Do I look like I'm negotiating?


You know the familiar catchphrase, “one step forward, two steps back”. Well yesterday here in the Big Smoke, for every attempt made to progress, a retrograde performance was achieved. I actually took myself off of the road and revoked my own driving privileges for the day.

A young man carrying a child, perhaps as old as two, was attempting to cross a very busy Eglinton Avenue at around the same time that I was driving that 10 kilometre, 45minute drive from hell to my tennis game. The man was walking slowly, waiting for the traffic to stop in both directions of a very busy four lane roadway. Once traffic did stop, like musical chairs, (only in cars) I happened to be the vehicle in the man's direct path. (The shortest distance between two points is a straight line.) This predicament made me the object of his contempt. He came right to the driver’s side window (me) banged on it with his fist and thanked me. I can only assume he was being cynical for he had to walk around my vehicle, all 3 feet of it, to cross the street. Did I mention he was a big man; a big black man to be precise; holding a small impressionable child. I couldn`t help myself and since I was waiting at the red light anyway and I had automatic windows, and I was in a really pissy mood, I rolled down said window and yelled, “TRY USING A CROSSWALK NEXT TIME`` And with that the rather large black man holding a small, impressionable child turned to me once again and said, "Open your fucking eyes lady". At least he called me lady. My anger immediately turned to concern for the child.
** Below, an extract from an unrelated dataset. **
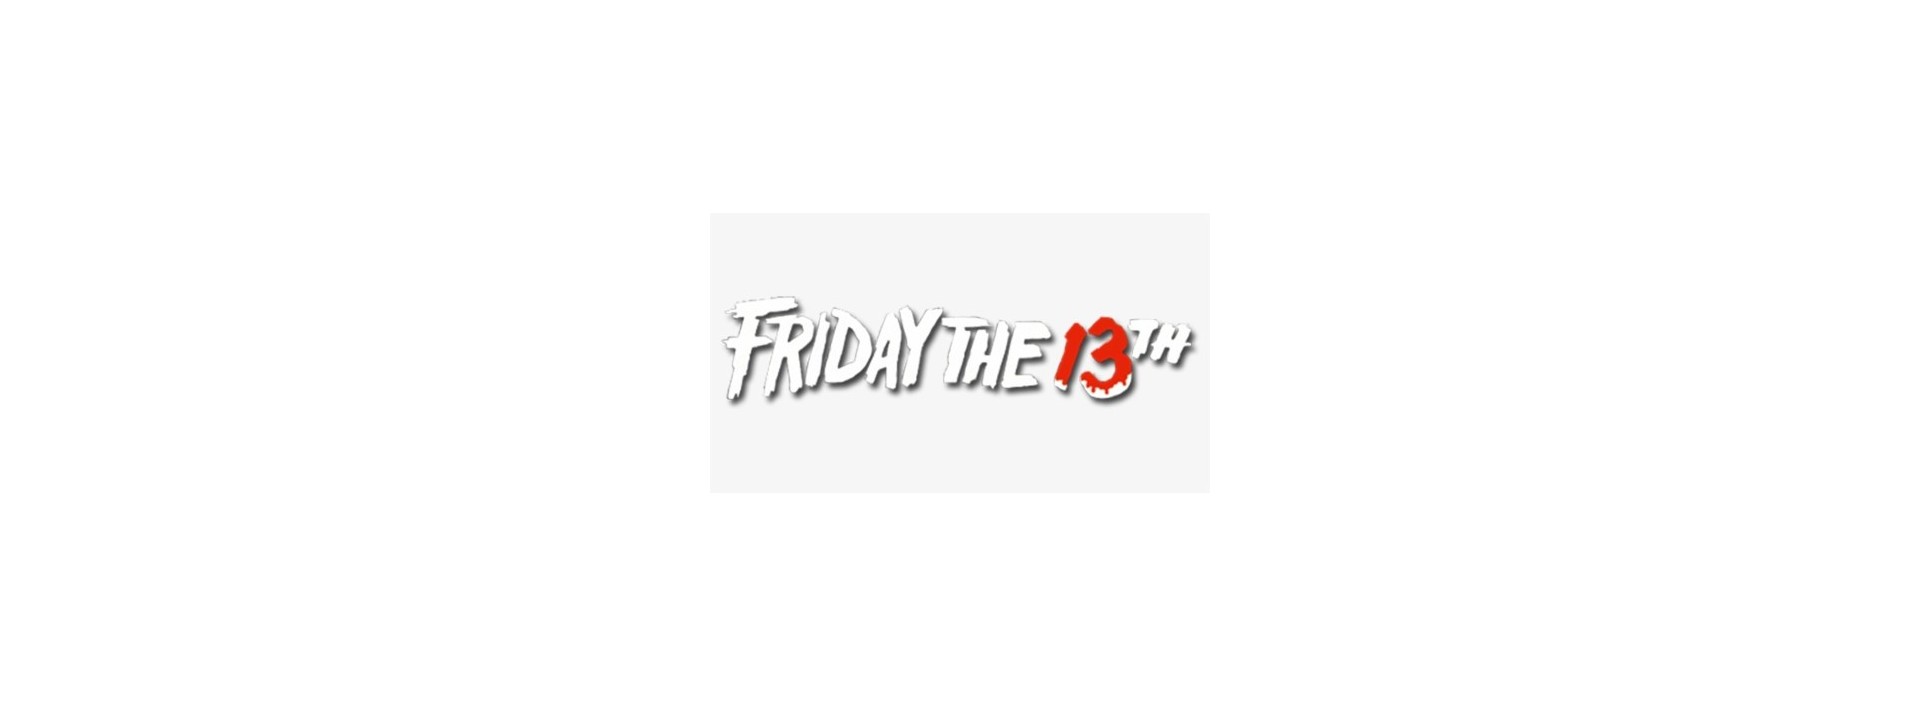 FRIDAY THE 13 TH

What I need is a system similar to that of Homeland Security only my system will give a “road rage alert level” where the potential for both pedestrian and road rage can be determined with a colour coded travel advisory road rage scale. I`m working out the finer details but in the meantime, I am going to design a personal bumper sticker and place it in the general vicinity of all of those scratches and dents my vehicle has had to endure to survive on the roads of this fair city. The statement will be brief but will adamantly relay to all of those drivers out there jockeying for position and hindering my driving performance on my daily 10 kilometre commute to my tennis destination. It will simply say, "DO I LOOK LIKE I`M NEGOTIATING?"